Firstly, cut and level your cake. Level the top of the cake to 10cm (4in) deep, then measure up 5cm (2in) from the bottom of the cake and mark with a cocktail stick or edible pen (A). Go around the cake, marking all the way around (if using cocktail sticks, count how many you have used and make sure when taking them out they are all accountable for). 
Place the knife on the mark and gently go around the outside of the cake, to eventually cut through the cake. (B) 
Before taking the top half off the cake, place a cocktail stick in the top half and one directly underneath in the bottom half, (C) then you will know exactly where to place the cake back together again. 
COLOUR THE BUTTERCREAM: Spread some buttercream onto the middle of the 25cm (10in) drum (D) and place one half of the 25cm (10in) cake, bottom-of-the cake-side down. Spread buttercream across the top of this half, then place the second half of cake on top, cut the edges together, then line up with the cocktail sticks. Remove the cocktail sticks.

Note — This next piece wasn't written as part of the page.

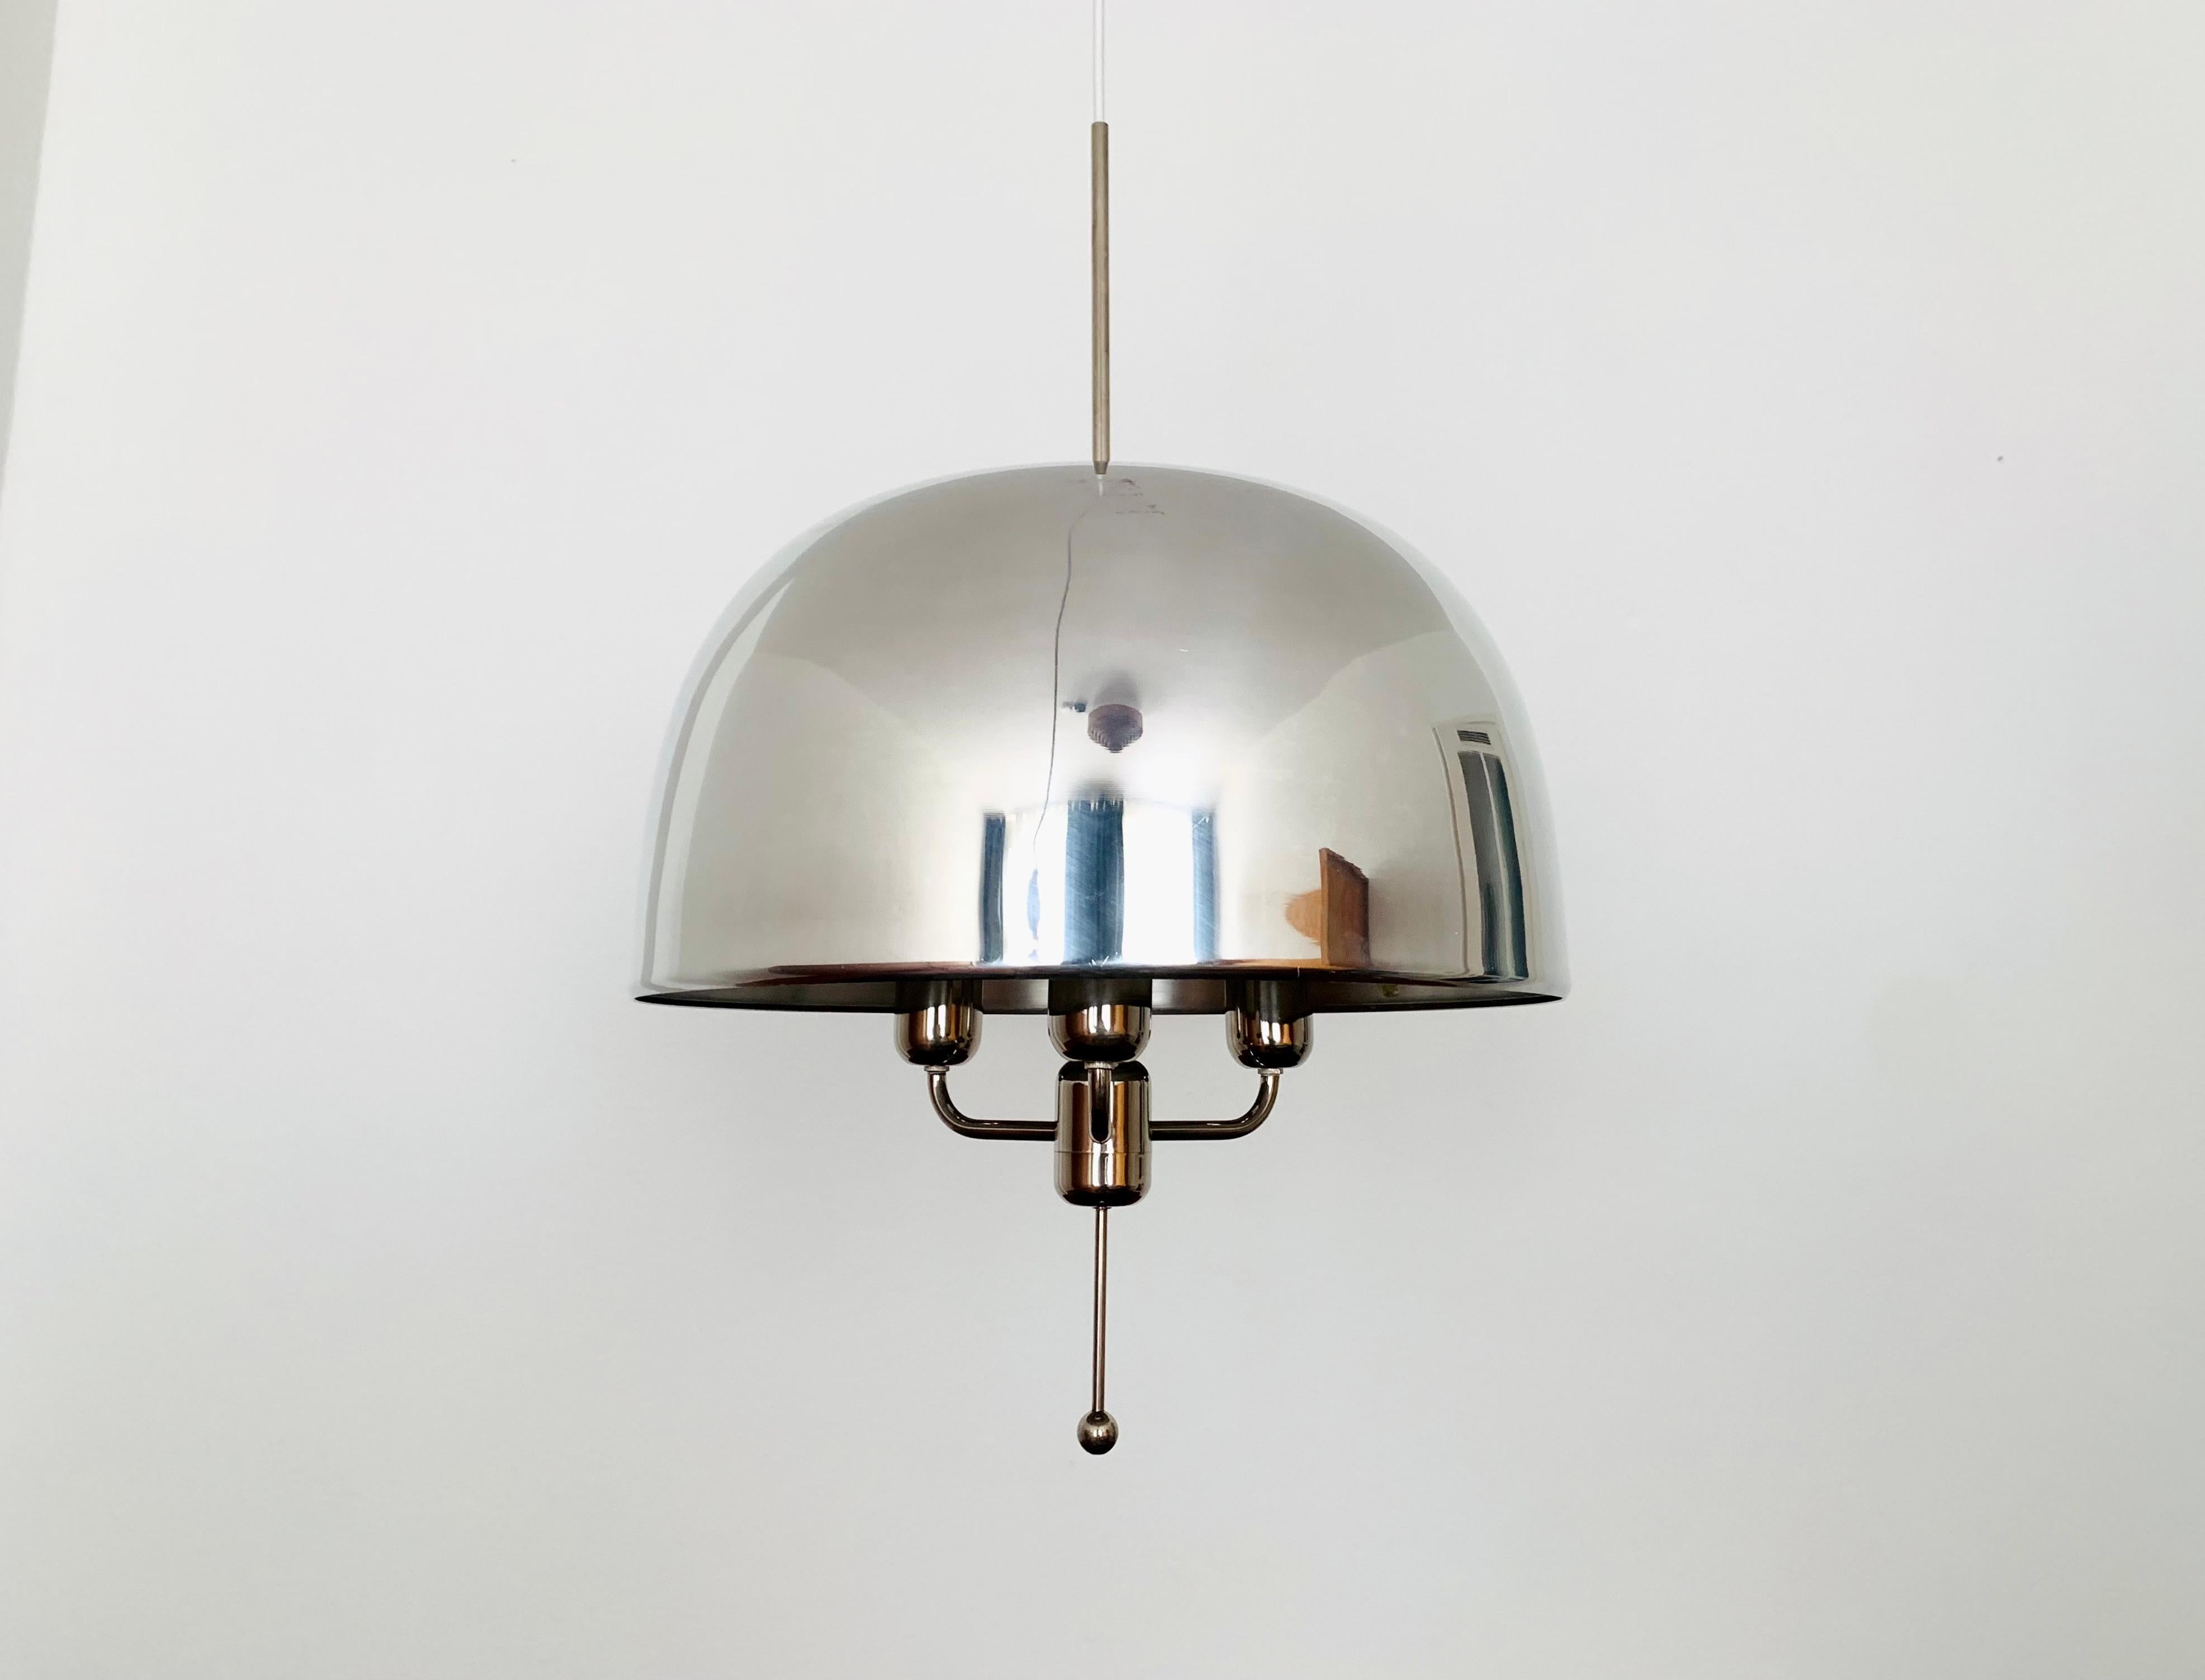 Merveilleuse et très rare lampe suspendue suédoise des années 1960.
La lampe avec l'abat-jour flottant est un véritable atout et un favori absolu pour chaque maison.
Une lumière très agréable et chaleureuse est créée.

Fabricant : Markaryd AB

Check the cake is level at this stage (E). Spread some of the buttercream around the side of the cake and go carefully around with the side scraper to take off the excess buttercream. (F) 
Repeat for the 20cm (8in) and 15cm (6in) cakes, using the cake cards instead of a drum. If the cake card is larger than the base of the cake, cut the card so it is slightly smaller and fits under the cake without showing. 
DOWELLING/STACKING: When starting out with your first stacked cake, people always have a fear of getting this right. It really isn't difficult to do, and your cake will not sink or topple over if it is done correctly. 
Place one of the dowels into the centre of the 25cm (10in) cake, (G) mark with an edible pen, then remove from the cake and make a cut into the dowel with the serrated knife (H). Snap the dowel (I), then replace the dowel in the cake. (J) 
Repeat with 5 more dowels around the cake, (K) making sure the dowels are placed where the cake is going to be positioned. Repeat for the 20cm (8in) cake. 
Spread some buttercream over the dowels of the 4in (10in) cake, then place the 20cm (8in) cake on top. Repeat for the 15cm (6in) cake. 
DECORATE THE CAKE: Put a ribbon of your choice around the cake drum with double-sided sticky tape. 
Place some of the coloured dust onto some greaseproof paper, then gently brush some of the colour onto the roses. Dip some of the heads of the gypsophila into the colour until you reach the desired effect. 
Place a straw in the cake where you want the first rose to go (L), then cut the rose stem to length and place in the straw. (M-N) Continue adding the flowers until you're happy with the decoration, then finish with a sprinkle of icing sugar. Place on a log or cake stand to really set it off.